Bukan Indikator Kemenangan Khayalan



Views : 1489 - 29 June 2018, 05:05 WIB

PEMILIHAN umum di banyak negara di dunia dewasa ini tidak terlepas dari keberadaan metode hitung cepat alias quick count. Di Indonesia, hitung cepat perolehan suara mulai luas dipergunakan ketika pemilihan presiden secara langsung untuk pertama kalinya digelar pada 2014.

Ketika itu kebutuhan rasa ingin tahu rakyat terhadap hasil perolehan suara para calon meningkat pesat. Rakyat ingin segera mengetahui apakah calon yang mereka dukung meraih kemenangan. Metode hitung cepat memenuhi hasrat tersebut.

Seperti namanya, dengan metode quick count hasil penghitungan suara rata-rata dapat dipastikan dalam waktu kurang dari 3 jam sejak pemungutan suara ditutup. Hasilnya pun cukup akurat, selaras dengan rekam jejak kredibilitas dan integritas lembaga yang melakukan hitung cepat.

Alhasil, ketika hasil hitung cepat mencapai kesimpulan pemenang, pihak yang kalah dengan legawa mengakui kemenangan rival mereka. Saifullah Yusuf langsung menyampaikan ucapan selamat kepada Khofifah Indar Parawansa dalam pilgub Jawa Timur. Duo Deddy Mizwar-Dedi Mulyadi dan pasangan Hasanuddin-Anton Charliyan pun mengucapkan selamat memimpin Jawa Barat kepada Ridwan Kamil-Uu Ruzhanul Ulum.

Melalui metode hitung cepat pula warga DKI Jakarta langsung bisa mengetahui Anies Baswedan-Sandiaga Uno mengungguli Basuki Tjahaja Purnama-Djarot Saiful Hidayat dalam pilkada tahun lalu.

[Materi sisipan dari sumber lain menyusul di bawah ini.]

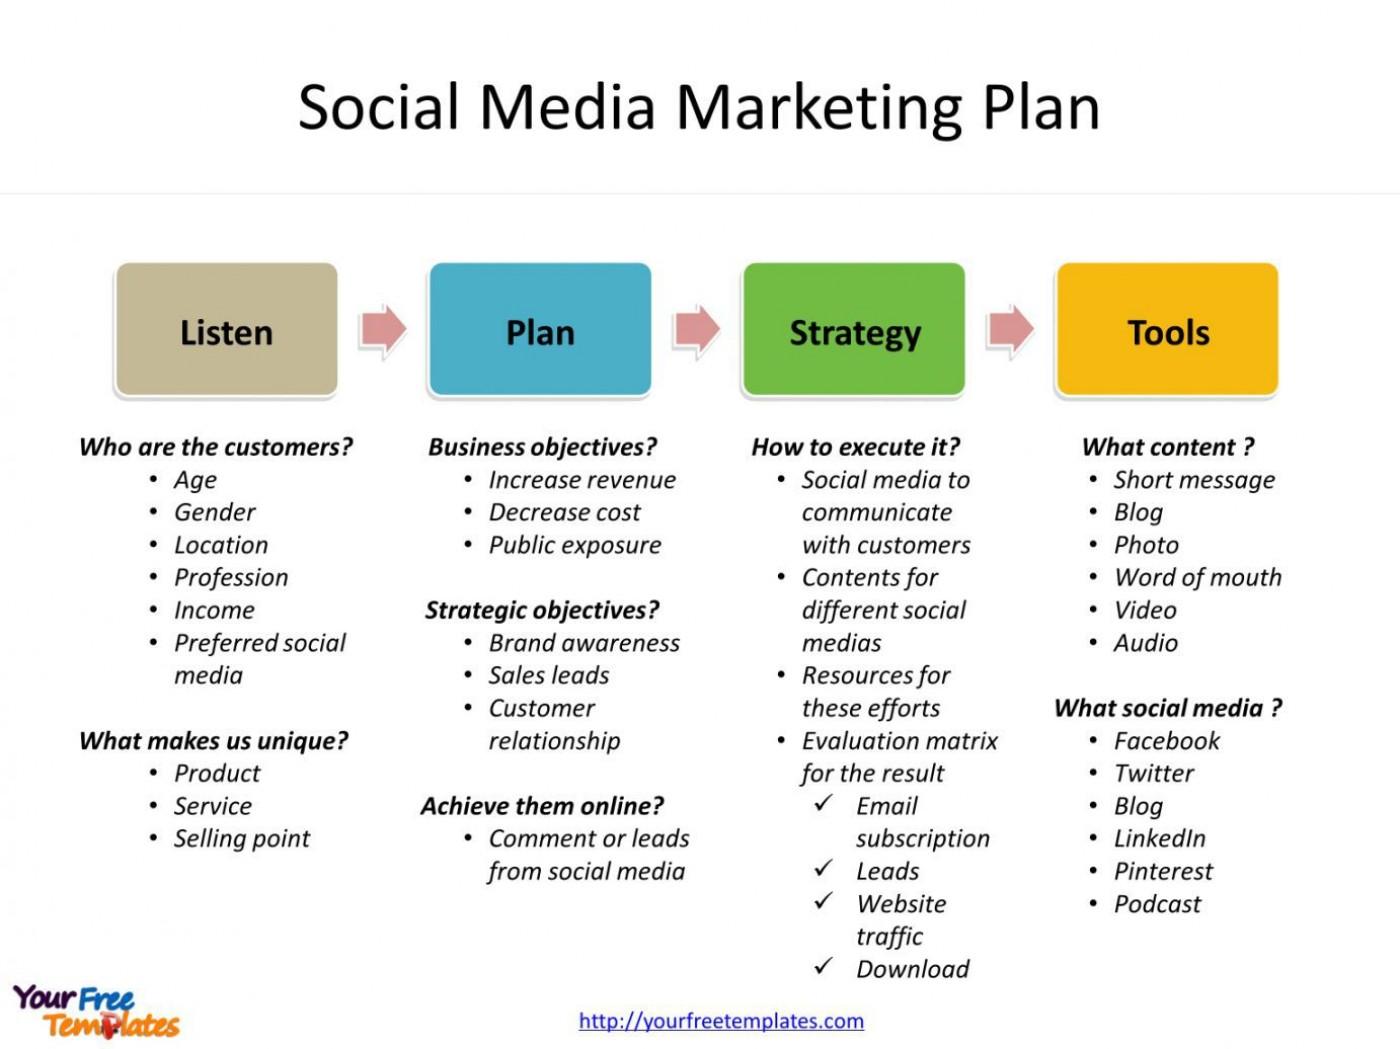 000 Magnificent Social Media Marketing Plan Template Doc Photo 1400

Empat tahun sebelumnya, kemenangan Ahmad Heryawan-Deddy Mizwar di Jawa Barat juga sudah bisa diketahui dari hasil hitung cepat dari semua lembaga yang ikut serta.

Memang ada kubu yang sama sekali tidak memercayai hasil hitung cepat dan memilih untuk menunggu hasil penghitungan suara riil dan penetapan yang dilakukan KPU. Artinya, masih harus sabar menanti sekitar sepekan ke depan.

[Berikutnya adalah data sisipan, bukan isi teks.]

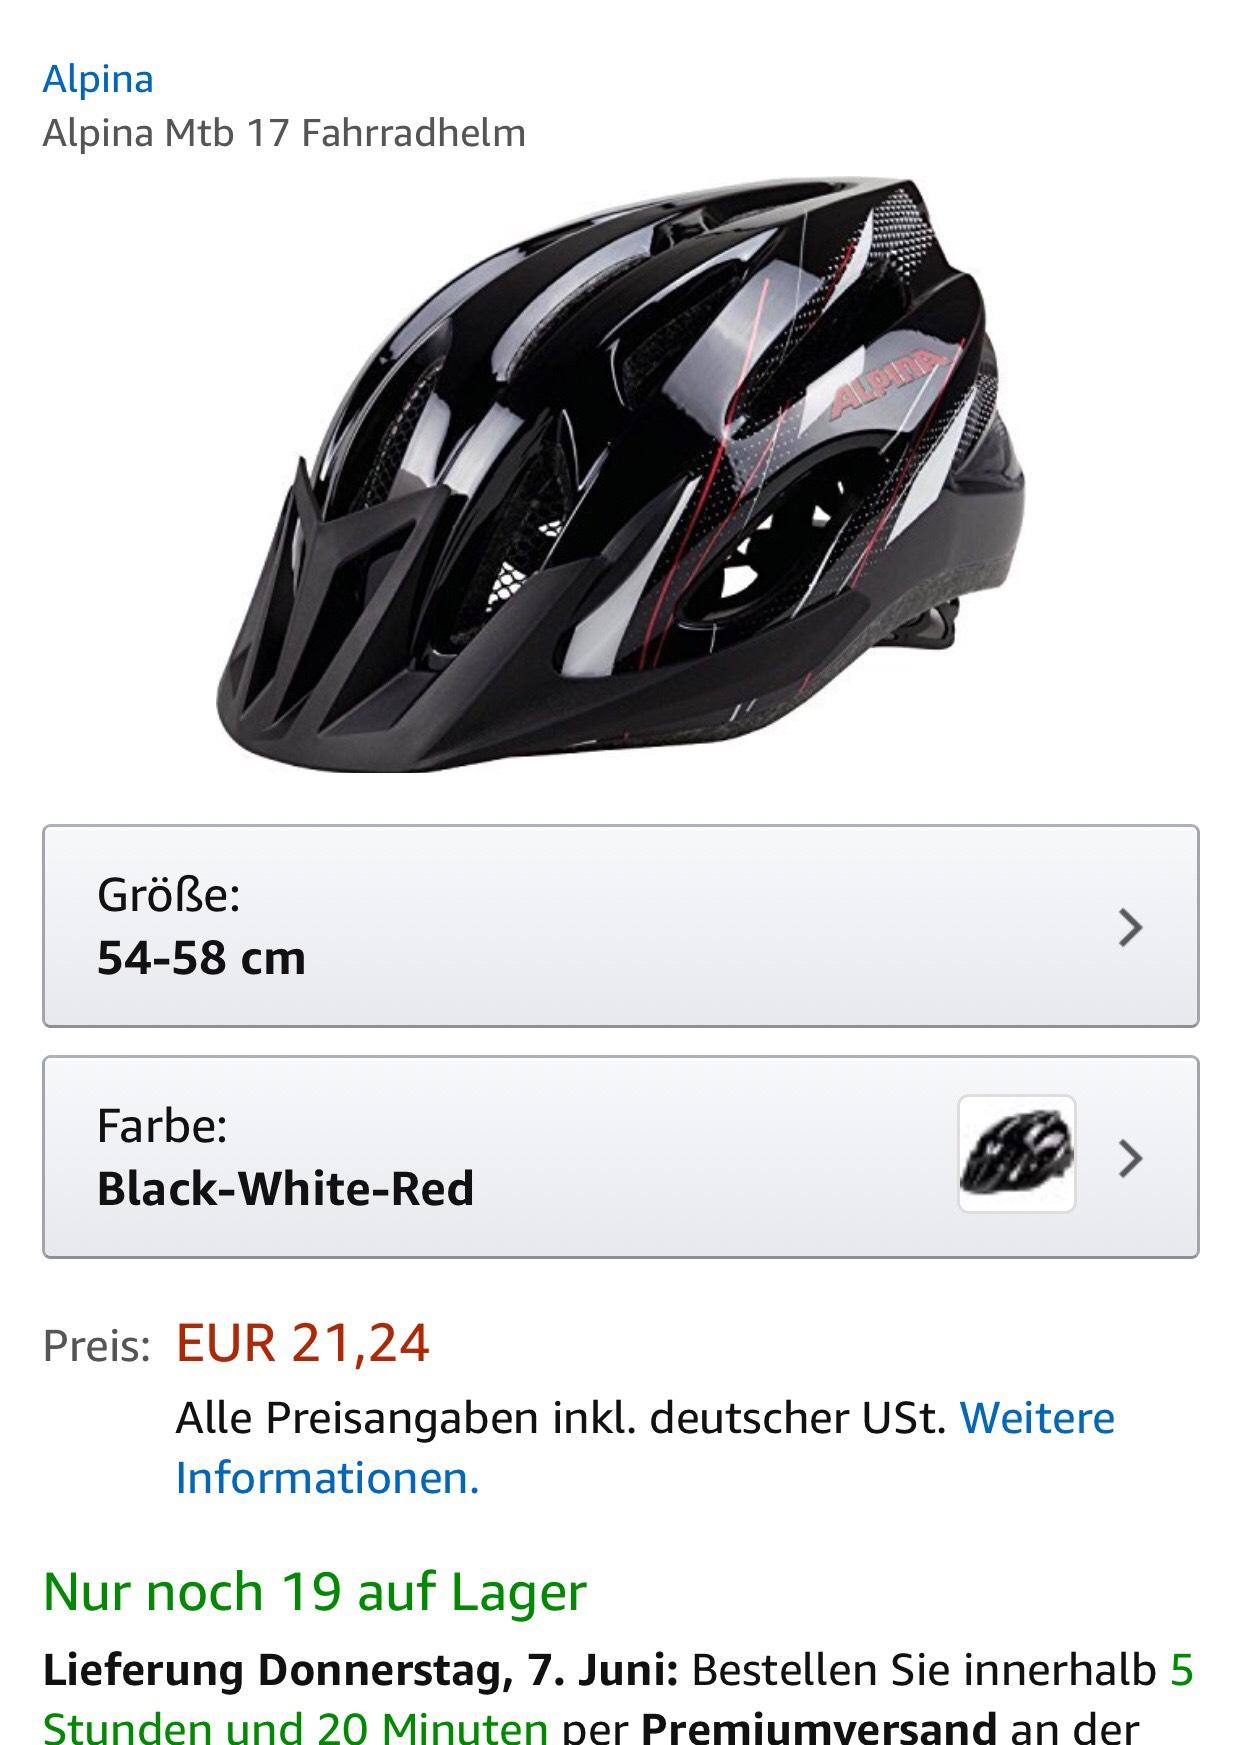 [Amazon, Prime?] Alpina Mtb Fahrradhelm - kleinere Größe 54-58 cm

Pilihan seperti itu sah-sah saja. Apalagi, bila pernah tertipu oleh hasil hitung cepat hingga sempat merayakan kemenangan yang ternyata hanya khayalan. Bagaimanapun juga yang diakui sebagai hasil penghitungan suara resmi oleh undang-undang ialah penghitungan secara riil surat suara oleh KPU.

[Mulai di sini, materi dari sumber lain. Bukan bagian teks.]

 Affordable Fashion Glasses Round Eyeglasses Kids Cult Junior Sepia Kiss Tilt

Meski begitu, keberadaan hitung cepat pun dilindungi undang-undang, baik Undang-Undang Nomor 10 Tahun 2016 tentang Pilkada maupun Undang-Undang Nomor 7 Tahun 2017 tentang Pemilu. Dalam kedua undang-undang tersebut, penghitungan cepat suara dikategorikan sebagai bentuk partisipasi masyarakat, bersama dengan survei dan jajak pendapat.

Hitung cepat dilakukan dengan metode ilmiah yang tentu saja bukan metode sembarangan. Bila dilakukan secara keliru, terlebih bila dibumbui manipulasi, sangat mungkin hasilnya pun jauh dari akurat dan lembaga yang bersangkutan tidak lagi dipercaya masyarakat.

Mahkamah Konstitusi menyebut hitung cepat pemungutan suara dengan menggunakan metode ilmiah ialah suatu bentuk penyeimbang dalam proses penyelenggaraan negara, termasuk pemilihan umum. Itu menempatkan quick count sekaligus bisa sebagai alat kontrol agar penyelenggara pemilu tidak coba-coba melakukan manipulasi penghitungan riil. Publik akan mempertanyakan bila hasilnya berbeda dengan hitung cepat. Pada akhirnya yang dikehendaki rakyat dari hitung cepat maupun hitung riil ialah sama; hasil pilkada yang jujur dan adil.